November 23rd, 2015 – Zion National Park, Utah – Deep canyons cut smoothly into colorful rock, Zion National Park is about being at the bottom of the canyon and looking up. The river provides a strip of green along the bottom to contrast with the towering walls of red. I left the trailer at an RV park about halfway between Zion and Bryce, and made day trips in the Jeep.
I came in through the East Entrance and headed straight on through to the turn off for the Zion Canyon Scenic Drive. After some time in the Canyon I headed out to the South entrance and the visitor’s center. On my way back through the park I took some time along the Zion-Mount Carmel Highway, where I spotted some big horn sheep and outside the park several herds of deer.
Being off season, the buses were not running along the Zion Canyon Scenic Drive. They say there are about 400 parking spaces spread out along the road, so they try to open and close the entrance to avoid jamming it solid. I arrived just as they were reopening the gate after having been closed for an hour or two. I was was second through, but parking was difficult or worse in any of the popular places. I think I would have preferred the buses to the chaos. As it was I didn’t really feel comfortable leaving the car in any of the “places” I could stop save one lucky parking spot. I heard stories of folks being ticketed for bad choices in parking, and that seemed like the only choice other than just driving slow. I did stop a couple of times in questionable spots to grab a picture and move on.

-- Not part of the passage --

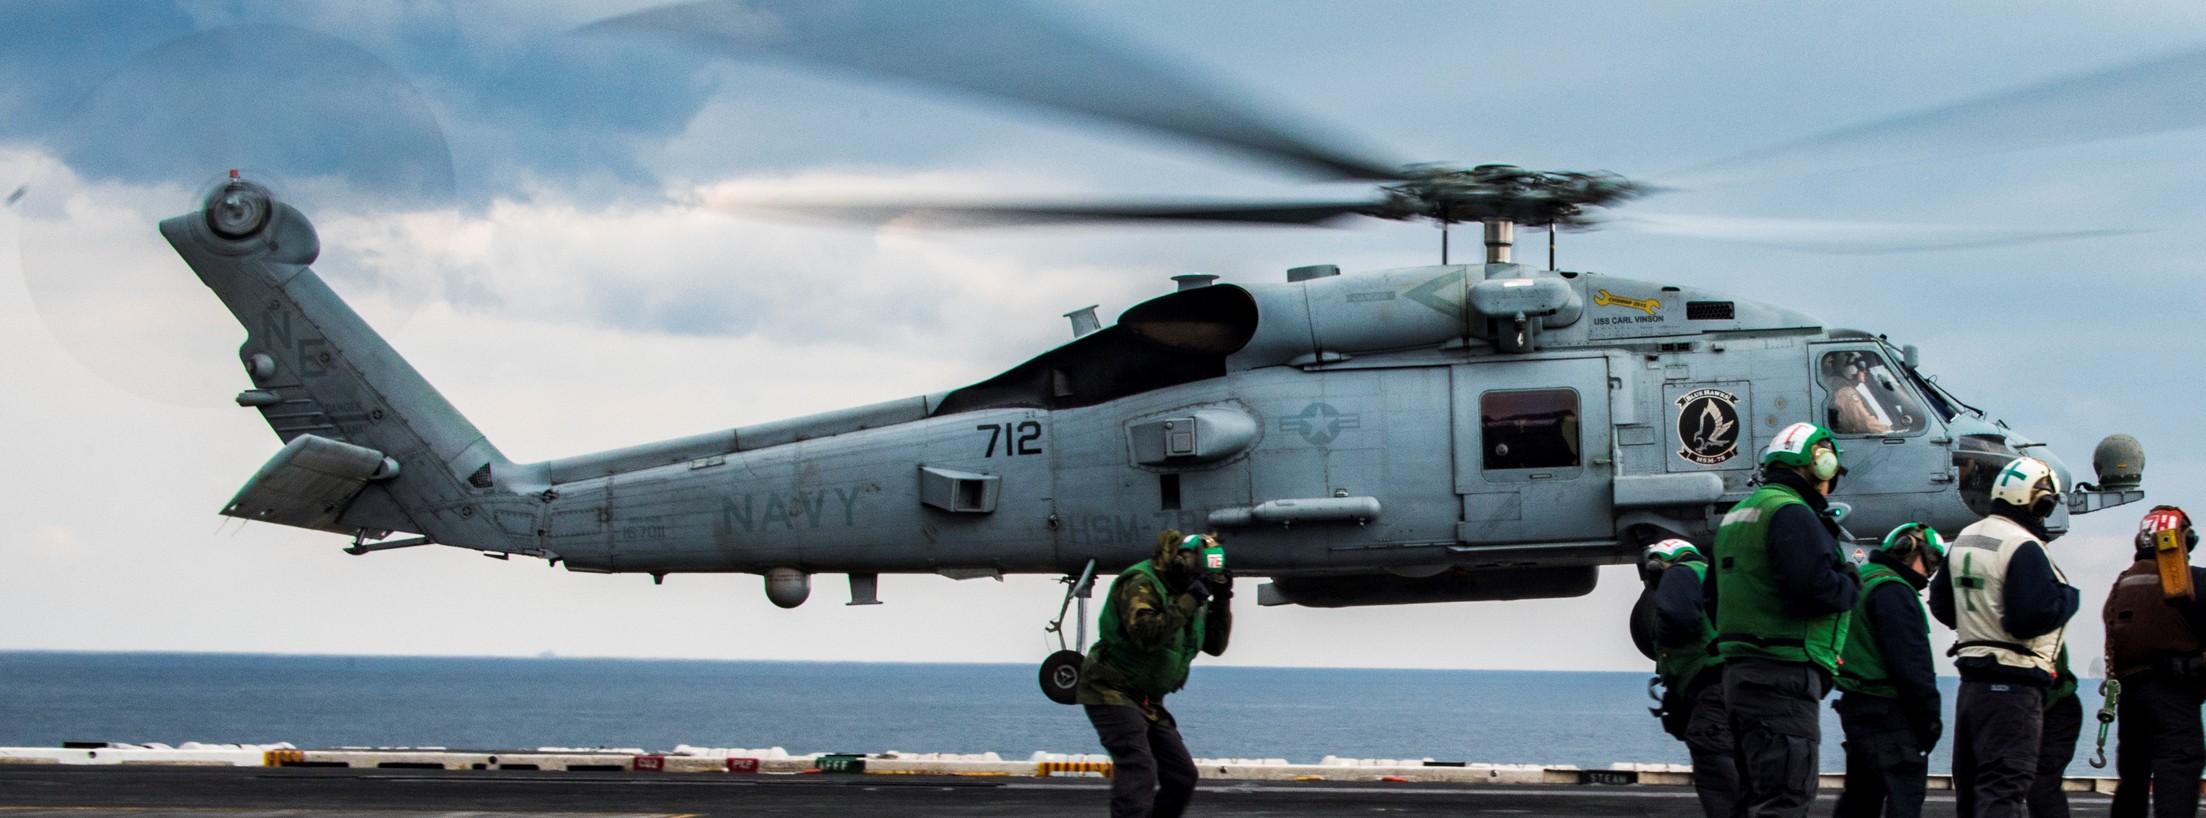 hsm-78 blue hawks helicopter maritime strike squadron mh-60r seahawk us navy 2017 08 carrier air wing cvw-2 uss carl vinson cvn-70

Fall was clearly evident in the Canyon with colorful leaves, a few on the trees, and a lot on the ground. The sky was brilliant blue and the clouds wispy and high. Along one of the walls I spotted some rock climbers, but it seems like there was probably a lot more of this going on where I didn’t see it. The canyon has curves like the river, long smooth curves, first to one side then the other. Sometimes the curves doubleback leaving a wall standing out into the canyon.
The visitor’s center is primarily outdoors, and the small bit that is indoors is designed to be cooled and heated passively. Tall towers use evaporation to create cool air, which being heavier, drops down the tower and pushes hot air out. The overhangs of the windows keep the hot sun out during the summer but when the sun drops lower in the winter it peeks under and comes in.
Heading back up and to the East out of the Canyon the road tunnels through the rock wall. At intervals the tunnel comes near the side of the mountain and arched windows allow a little light in and exhaust fumes out. As the road continues to climb along the river the canyon walls show alternating red and tan layers, and intricate curved patterns of erosion. The evergreen trees and shrubs make the reds more vivid to the eye, and the blue sky and wispy clouds make it hard to look away. Even the road has been paved with a red rock, neatly blending into the scene.